Example 3 pharmaceutical compositions of the invention
Artesunate 20mg, ligustrazine hydrochloride 40mg
(1) Taking 20mg artesunate, adding 1ml 0.9% sodium chloride injection, dissolving completely, adding 1ml 0.9% sodium chloride injection for dilution,
(2) adding ligustrazine hydrochloride 40mg into sodium chloride injection 8ml 0.9%, shaking to dissolve completely,
(3) and (3) uniformly mixing the solutions obtained in the two steps.

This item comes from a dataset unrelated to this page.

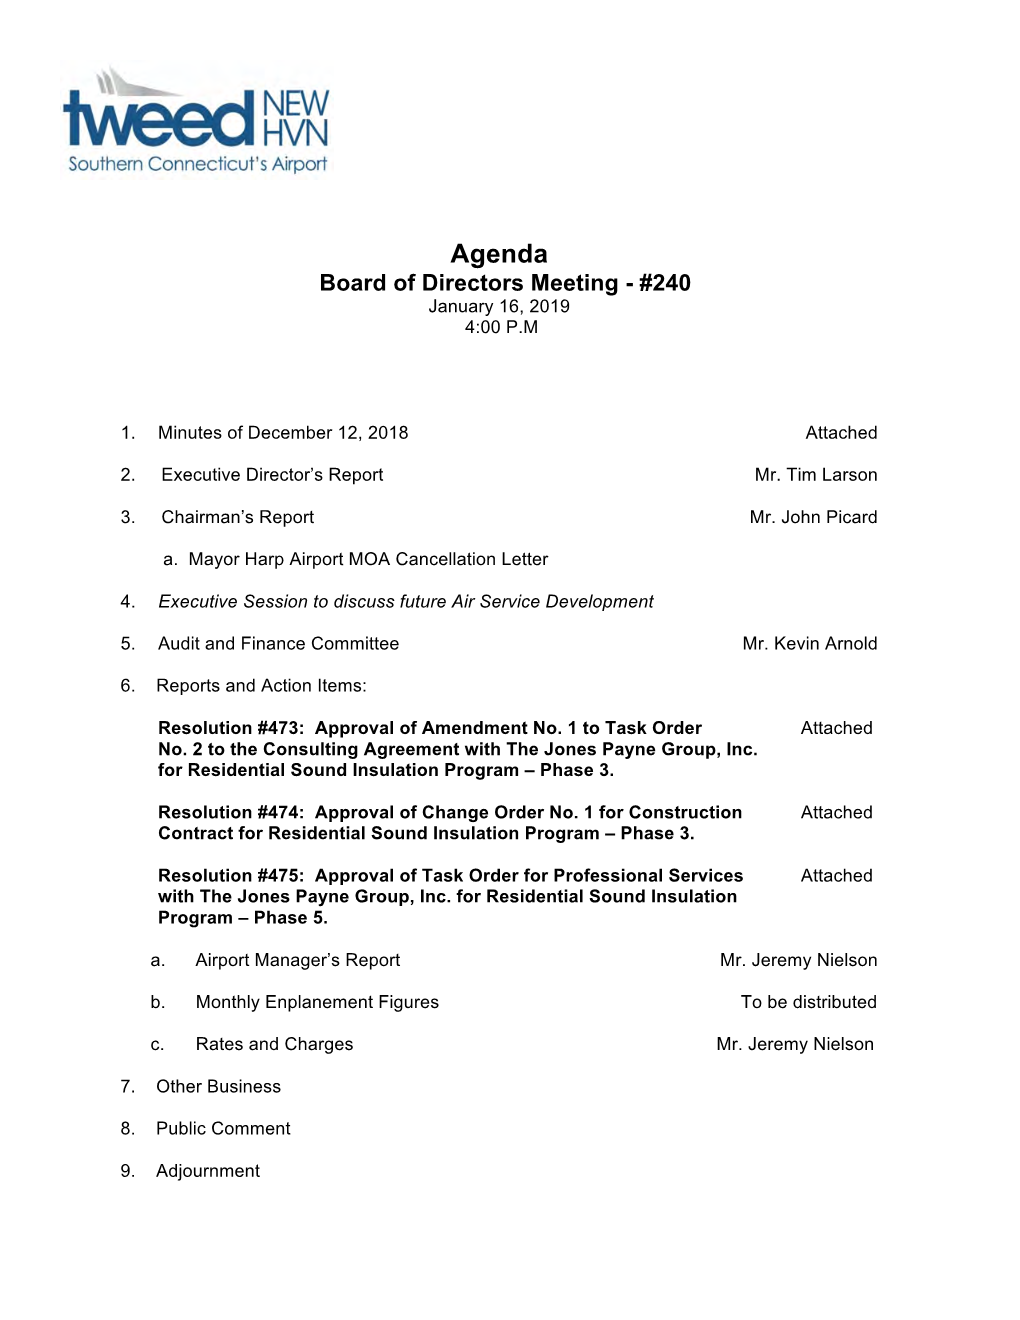 Agenda Board of Directors Meeting - #240 January 16, 2019 4:00 P.M

Example 4 pharmaceutical compositions of the invention
Artesunate 20mg, ligustrazine hydrochloride 200mg
(1) Taking 20mg artesunate, adding 1ml 0.9% sodium chloride injection, dissolving completely, adding 19ml 0.9% sodium chloride injection for dilution,
(2) adding ligustrazine hydrochloride 200mg into sodium chloride injection 20ml 0.9%, shaking to dissolve completely,
(3) and (3) uniformly mixing the solutions obtained in the two steps.
Example 5 pharmaceutical compositions of the invention
Artesunate 200mg, ligustrazine hydrochloride 20mg
(1) Taking 200mg artesunate, adding 10ml 0.9% sodium chloride injection, dissolving completely, adding 10ml 0.9% sodium chloride injection for dilution,
(2) 20mg of ligustrazine hydrochloride is taken, 20ml of 0.9 percent sodium chloride injection is added and shaken till being completely dissolved,
(3) and (3) uniformly mixing the solutions obtained in the two steps.